Copy exactly, and only, the lines from the one with "Zoll, Speicherplatz, 256GB" to the end of the listing; omit pictures.

**RECORDED DATA:**
[Start of Attachment]

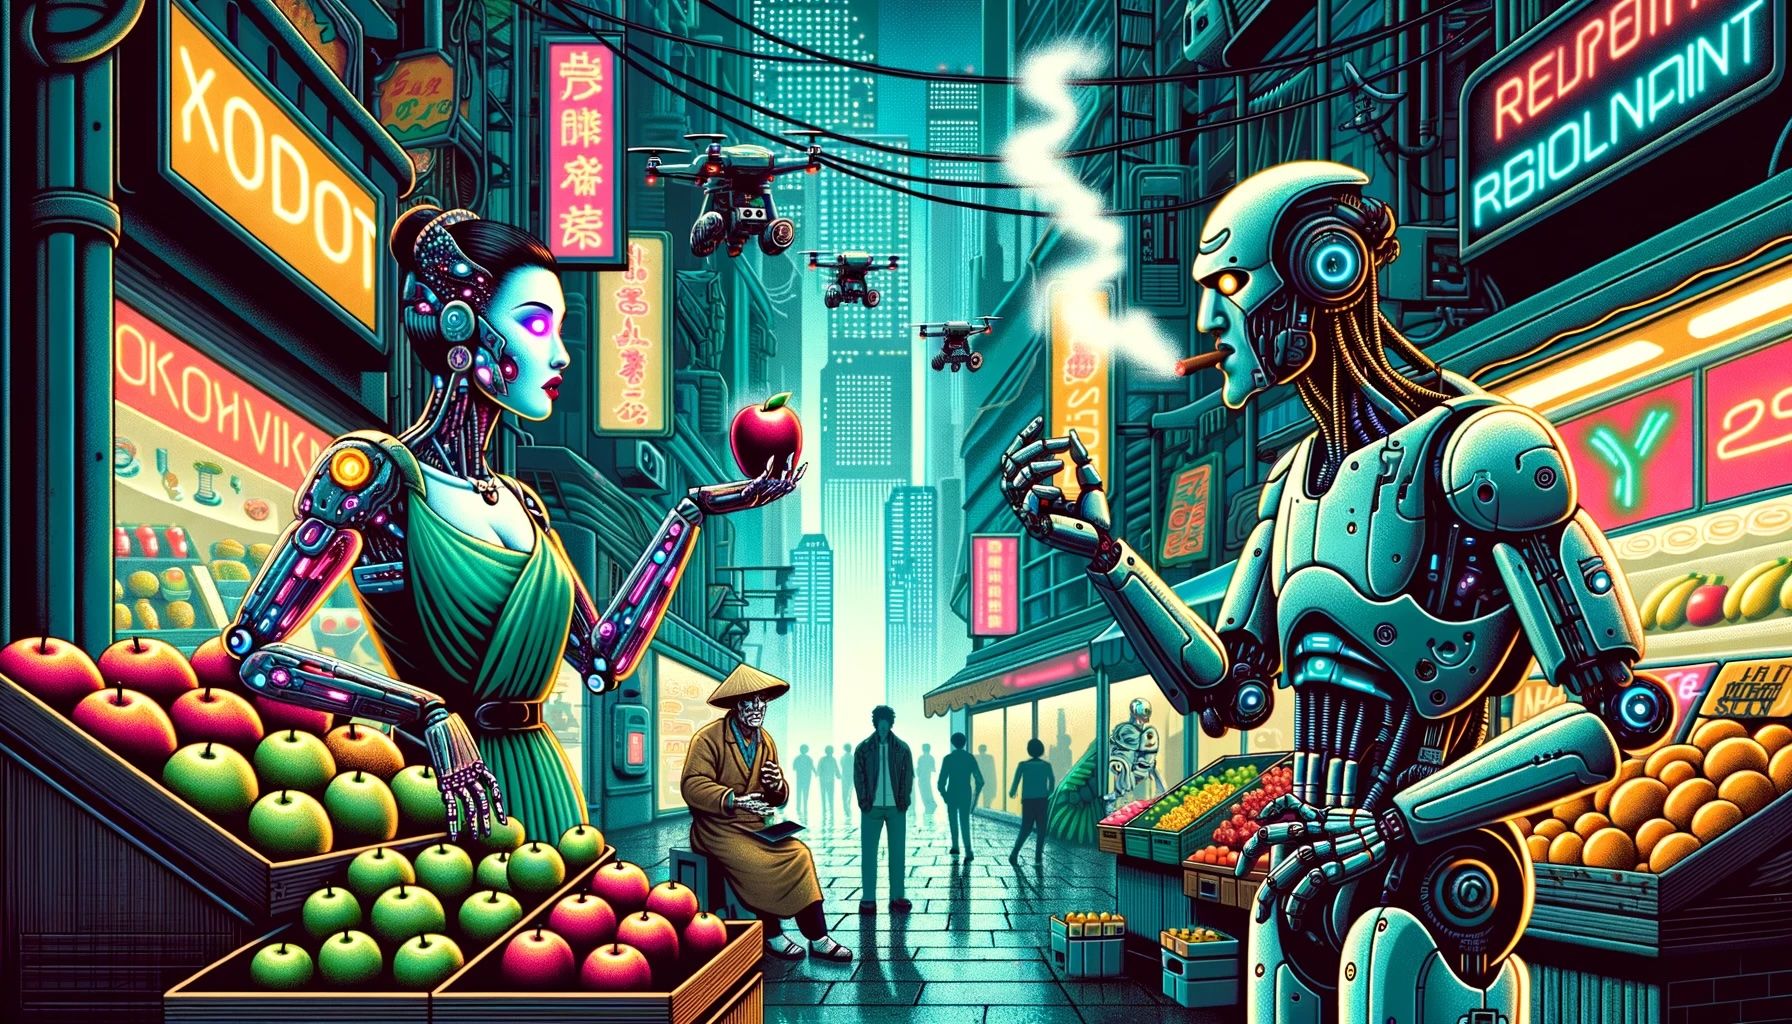 Cyberpunk scene of robot woman buying a fruit from a robot man
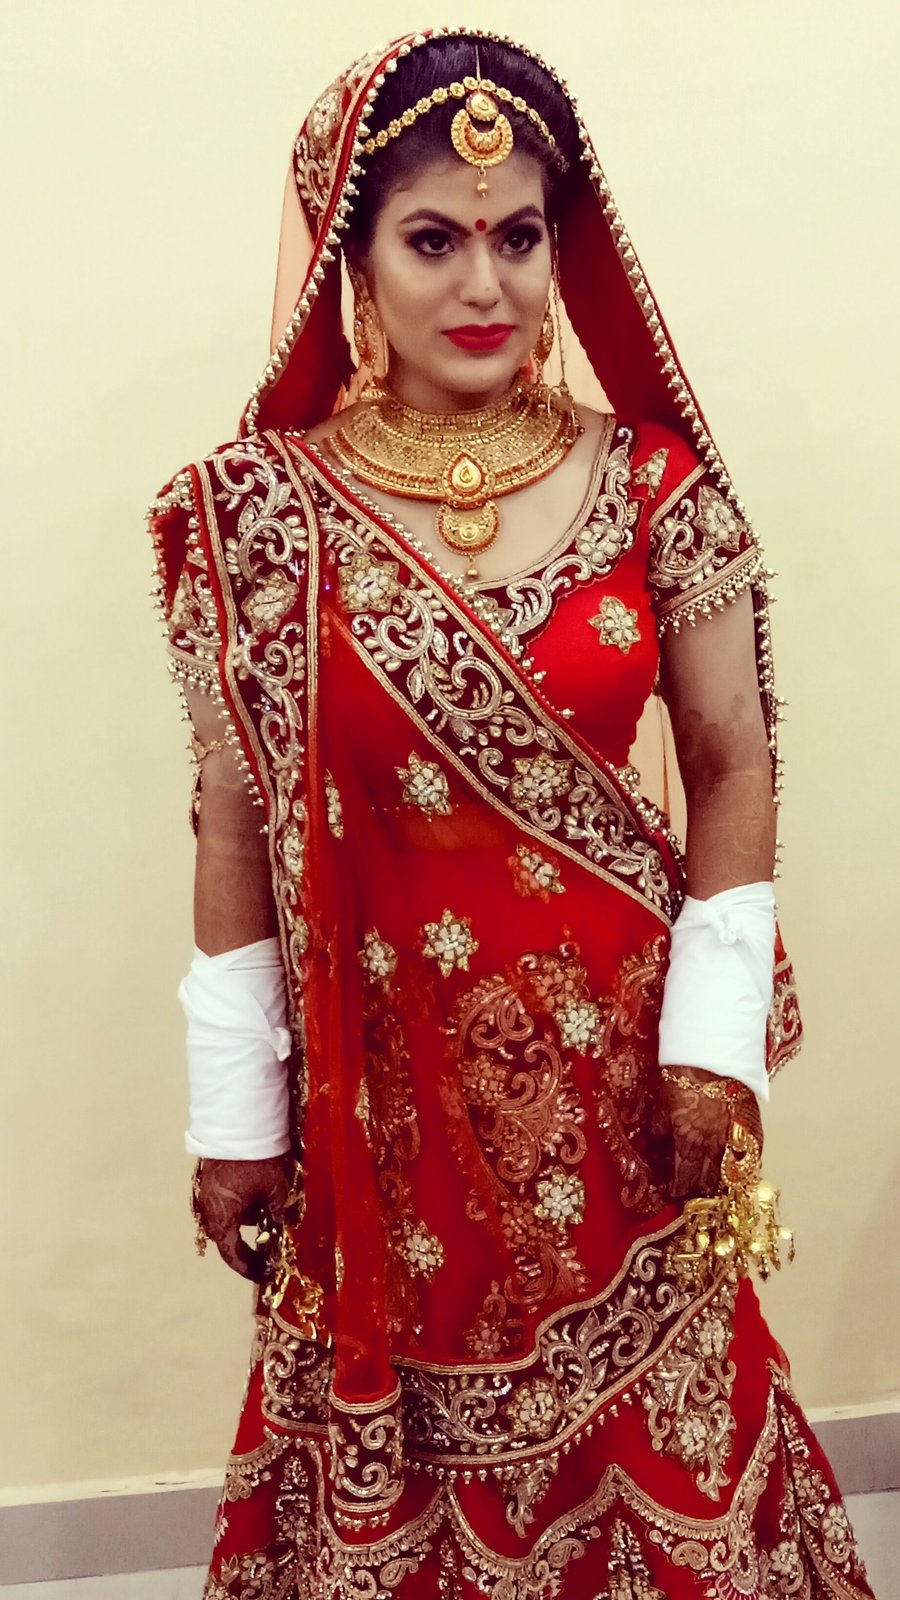 akanksha-choudhary-makeup-artist-delhi-ncr
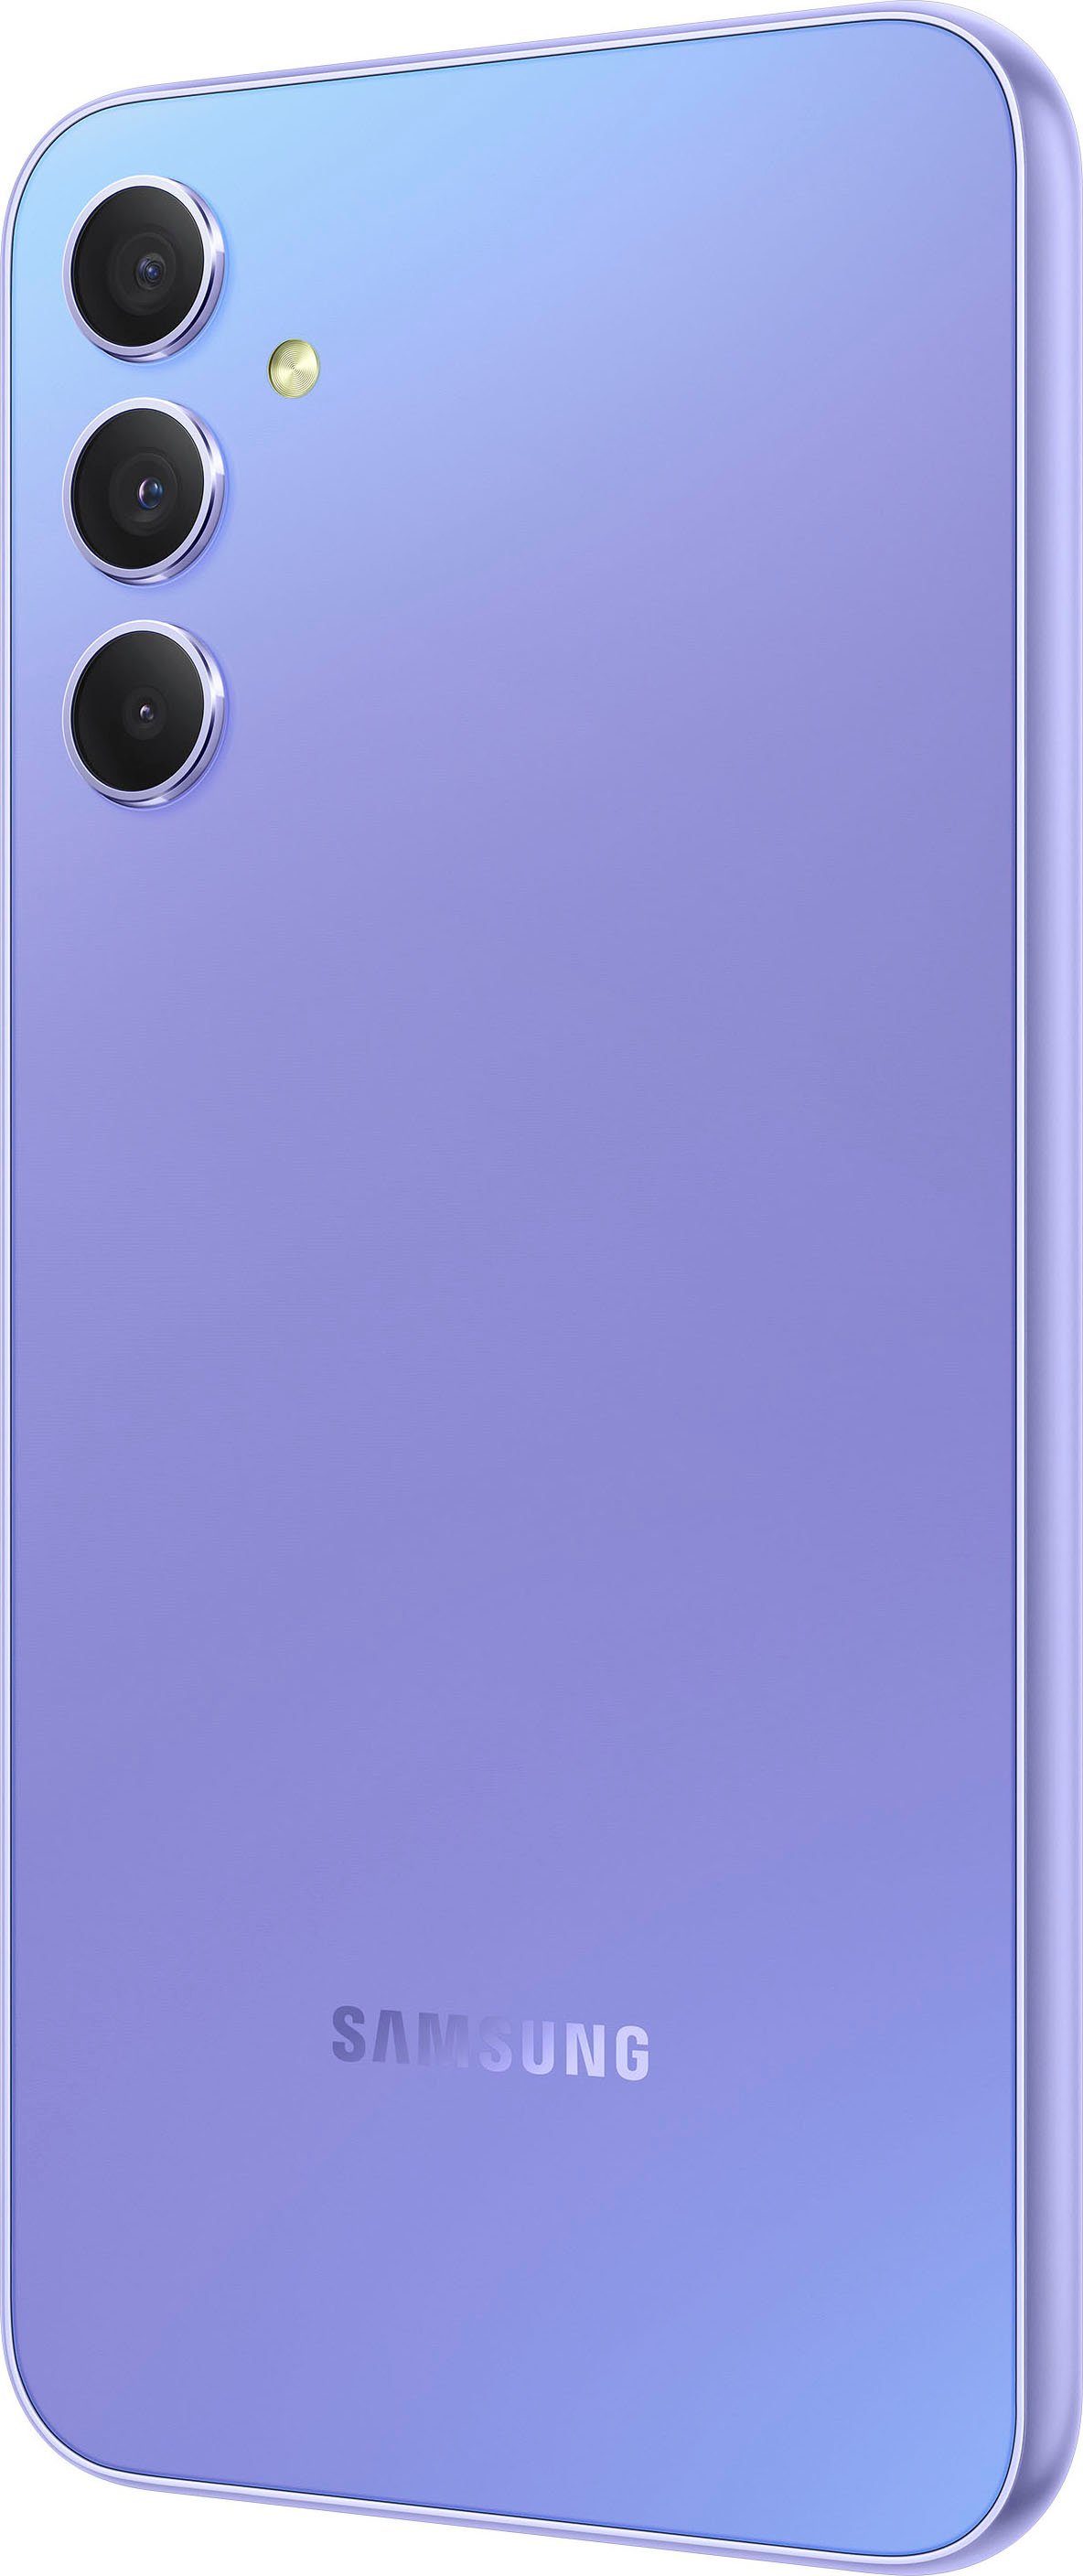 Zoll, Speicherplatz, 256GB GB Samsung MP cm/6,6 5G Kamera) (16,65 violett leicht 256 A34 Smartphone 48 Galaxy
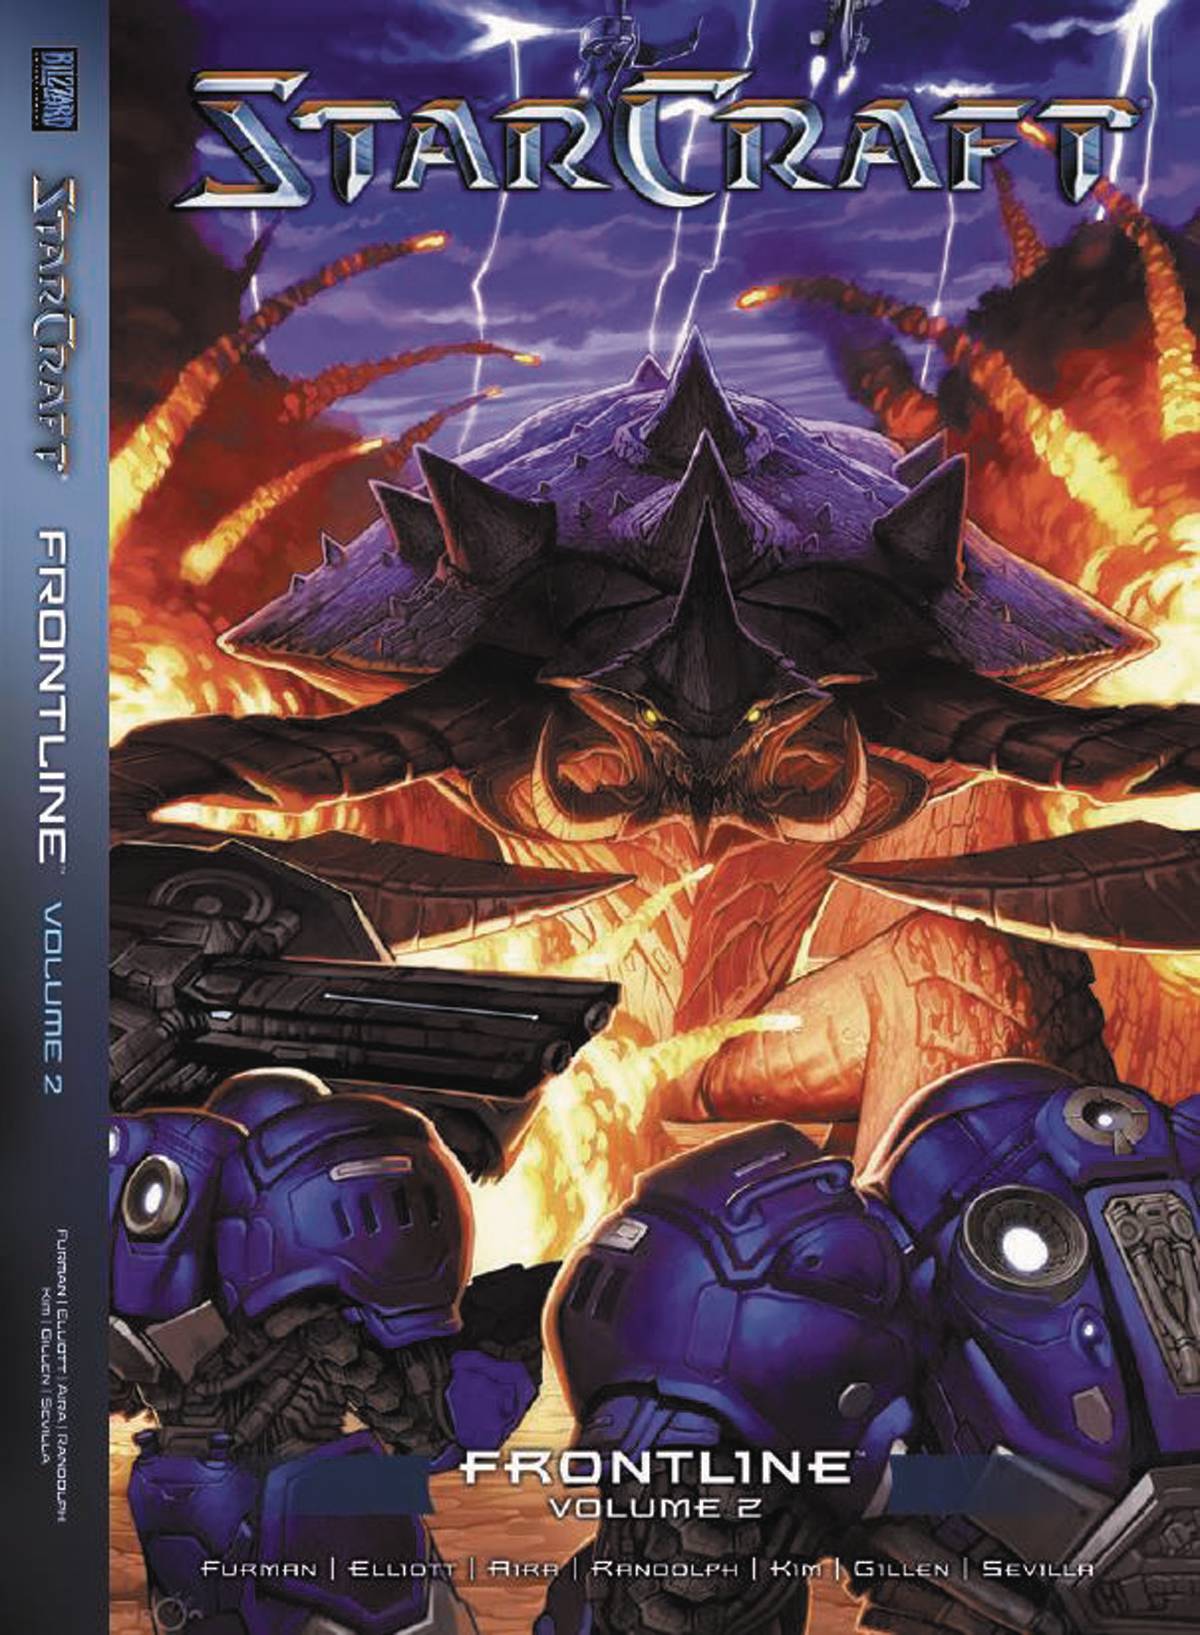 Starcraft Frontline Graphic Novel Volume 2

[End of Attachment]

**WRITTEN RESPONSE:**
 Zoll, Speicherplatz, 256GB GB Samsung MP cm/6,6 5G Kamera) (16,65 violett leicht 256 A34 Smartphone 48 Galaxy
 Starcraft Frontline Graphic Novel Volume 2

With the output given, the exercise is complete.